夏の日の彼女 6

キュービさんが服を脱ぐ仕草に違和感があって……

「えーっと、そう言う事じゃなくて」

俺がそう言うと。


「ん、じゃあなにかな?」

上着のボタンをはずす手が止まった。


耳を澄ましながら、懐にしまっておいたナイフを手にする。

音に集中するために、一度目を閉じて。


「伝言があるんだ」

俺はそう呟いた。


「この宿はメッセージサービスまでやってるの?」


獣族の固有魔法は詠唱を使用しないことが多い。

しかもキュービさんは服を脱ぎながら、ちょっと変わった指の動きを何度かした。明らかにあの動きはおかしい。

まるで特殊な印を空中に刻んでいるようだった。


「そうじゃないけど、その前に……」

眼を開けてキュービさんと見ると、彼女はニコリと笑う。


「そうね」

動いたのはほぼ同時。


俺が後ろを振り向きざまに、音の方向へナイフを投擲すると。

キュービさんは人差し指を口元にあて、フッと息を吹きかけた。


「うぎゃー!」

悲鳴を上げて倒れたのは。

下着の上に薄いガウンを羽織った、マリスさんだった。


俺が投げたナイフは狙い通りガウンの端を貫き、後ろの樹の幹に刺さっていたが。

マリスさんは気を失っている。


「キュービさん、今のは幻覚魔法?」


「良く分かったわね、ちょっとピーピングトムには眠っててもらおうと。

――術式を組んだんだけど」


たぶん服を脱ぎながら注目を集め、そのスキに術式を組んで。

俺とそののぞき魔ピーピングトムを同時に眠らすつもりだったんだろう。


マリスさんを抱き起すと……

ガウンがはだけて、ポロンと巨乳がコンニチワした。

――どうやらナイフがブラジャーの端を切ってしまったようだ。


ケガがないことを確認してから、そっとガウンを閉じる。

うん、あれは見なかったことにしよう。


「恐ろしいほどのナイフの腕ね。この暗闇で、狙ってそんなことができるなんて」


「いえ…… そこまで狙ってません」

ブラジャーの件は、たまたまです。


「その、マリスさんとは知り合いなんですか?」

つけられていたことに、あまり驚いていなかったようだから。

ふと疑問に思って聞いてみると。


「知り合いじゃあないけど、マリス・ノヴェルのことはよく知ってるわ。

自称、美人天才作家…… なにか面白そうな事件があると、それをネタに。吟遊詩人にうたを書いたり、劇作家に情報を売ったり。

それで小銭を稼いでるみたい。

あたいの心中を流布したのもこの子よ。 ――どうやら、まだつけられてたのね」


一心不乱に書き物をしているところや、寝ぼけた姿しか見てなかったから、気付かなかったが。栗色の美しい長髪に、ととのった目元と印象的で大きな唇。
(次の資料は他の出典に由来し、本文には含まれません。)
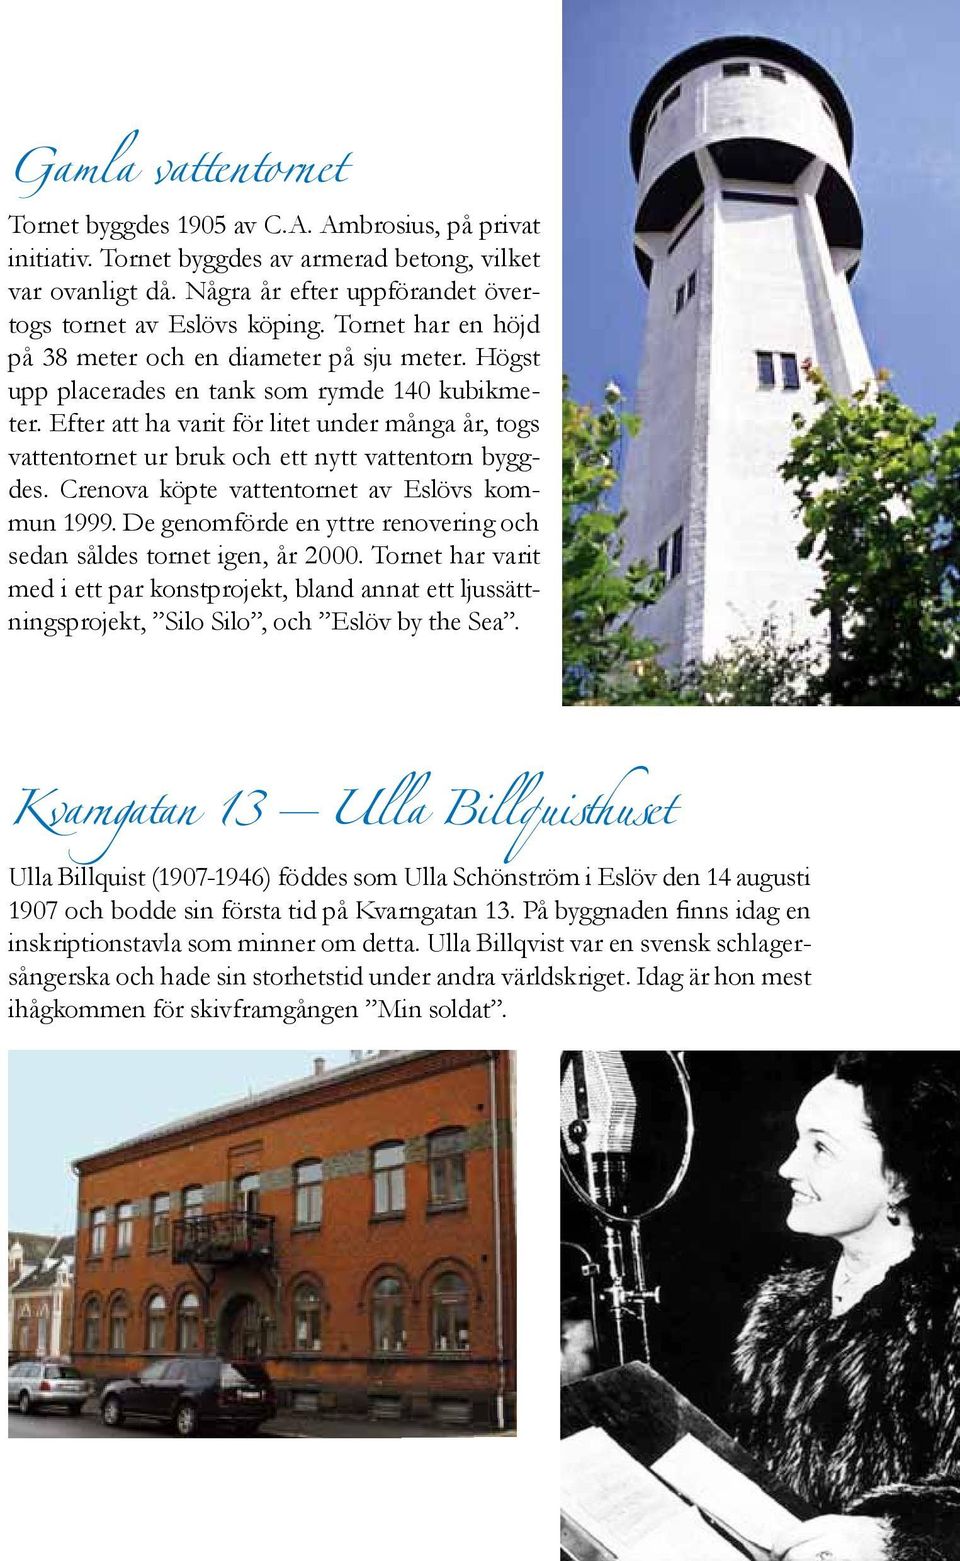 Efter att ha varit för litet under många år, togs vattentornet ur bruk och ett nytt vattentorn byggdes. Crenova köpte vattentornet av Eslövs kommun 1999.

化粧をちゃんとして派手な服でも着ると、人目を引く美女に変貌するのだろう。

おっぱいも、なかなか大きかったし。


「あら、なにを考えてるの…… まだ若いから分からないかもしれないけど。

それは大きさだけが価値じゃないの。

……知ってみたい?」

妖艶に笑うキュービ・タマモのそのセリフと。

ボタンにかけた指先に光る魔力に。



女の恐ろしさを感じて……

――俺は両手を上げながら、降参の意を表した。



++ ++ ++ ++ ++



メリーザさんの名前と、治療中の詳細をはぶいて。

ちびちびと酒を口にしながら、そこまで語ると。


「ディーン、ほら話は大きければ大きいほど面白いが。さすがにソレはなあ」

クライがあきれたように笑う。


「キュービ・タマモと言えば、帝国でも指折りの巨大商会『カグレー&キュービ』の女会頭ですよね。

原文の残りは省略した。